This report and the exhibits hereto include “forward-looking statements” within the meaning of the safe harbor provisions of the U.S. Private Securities Litigation Reform Act of 1995. Two Harbors’ actual results may differ from its expectations, estimates and projections and, consequently, you should not rely on these forward looking statements as predictions of future events. Words such as “expect,” “estimate,” “project,” “budget,” “forecast,” “anticipate,” “intend,” “plan,” “may,” “will,” “could,” “should,” “believes,” “predicts,” “potential,” “continue,” and similar expressions are intended to identify such forward-looking statements. These forward-looking statements include, without limitation, Capitol’s and Two Harbors’ expectations with respect to future performance, anticipated financial impacts of the merger and related transactions; approval of the merger and related transactions by security holders; the satisfaction of the closing conditions to the merger and related transactions; and the timing of the completion of the merger and related transactions.
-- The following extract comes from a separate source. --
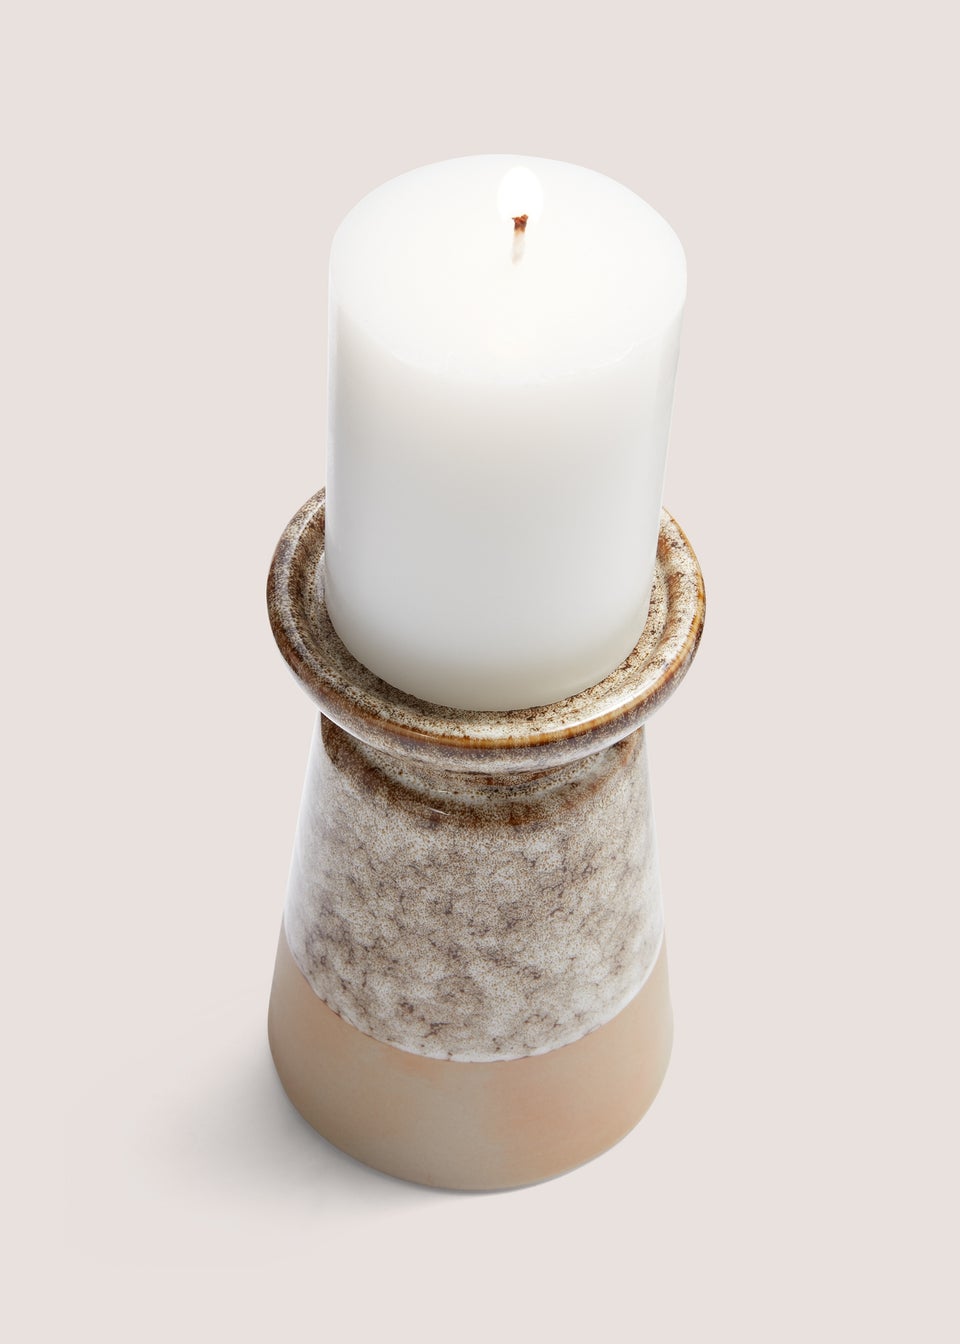 Gold Casa Speckled Candle Holder (16cm x 10cm x 10cm)

These forward-looking statements involve significant risks and uncertainties that could cause the actual results to differ materially from the expected results. Most of these factors are outside the parties’ control and difficult to predict. Factors that may cause such differences include the possibility that the expected growth will not be realized, or will not be realized within the expected time period, due to, among other things, (1) the real estate investment trust (“REIT”) environment; (2) changes in the commercial finance and the real estate markets; (3) general economic conditions; and (4) legislative and regulatory changes (including changes to laws governing the taxation of REITs). Other factors include the possibility that the merger does not close, including due to the failure to receive required security holder approvals, or the failure of other closing conditions.

The foregoing list of factors is not exclusive. Additional information concerning these and other risk factors is contained in Capitol’s most recent filings with the SEC. All subsequent written and oral forward-looking statements concerning Capitol and Two Harbors, the merger, the related transactions or other matters and attributable to Capitol and Two Harbors or any person acting on their behalf are expressly qualified in their entirety by the cautionary statements above. Readers are cautioned not to place undue reliance upon any forward-looking statements, which speak only as of the date made. Capitol and Two Harbors do not undertake or accept any obligation or undertaking to release publicly any updates or revisions to any forward-looking statement to reflect any change in their expectations or any change in events, conditions or circumstances on which any such statement is based.


EXPLANATORY NOTE

This Amendment No. 3 to the Current Report on Form 8-K filed on June 11, 2009 is being filed to include certain agreements entered into in connection with the Merger Agreement (as defined below) as well as an amendment to the Merger Agreement, each as described in Item 1.01 below.

 

Item 1.01 Entry into a Material Definitive Agreement.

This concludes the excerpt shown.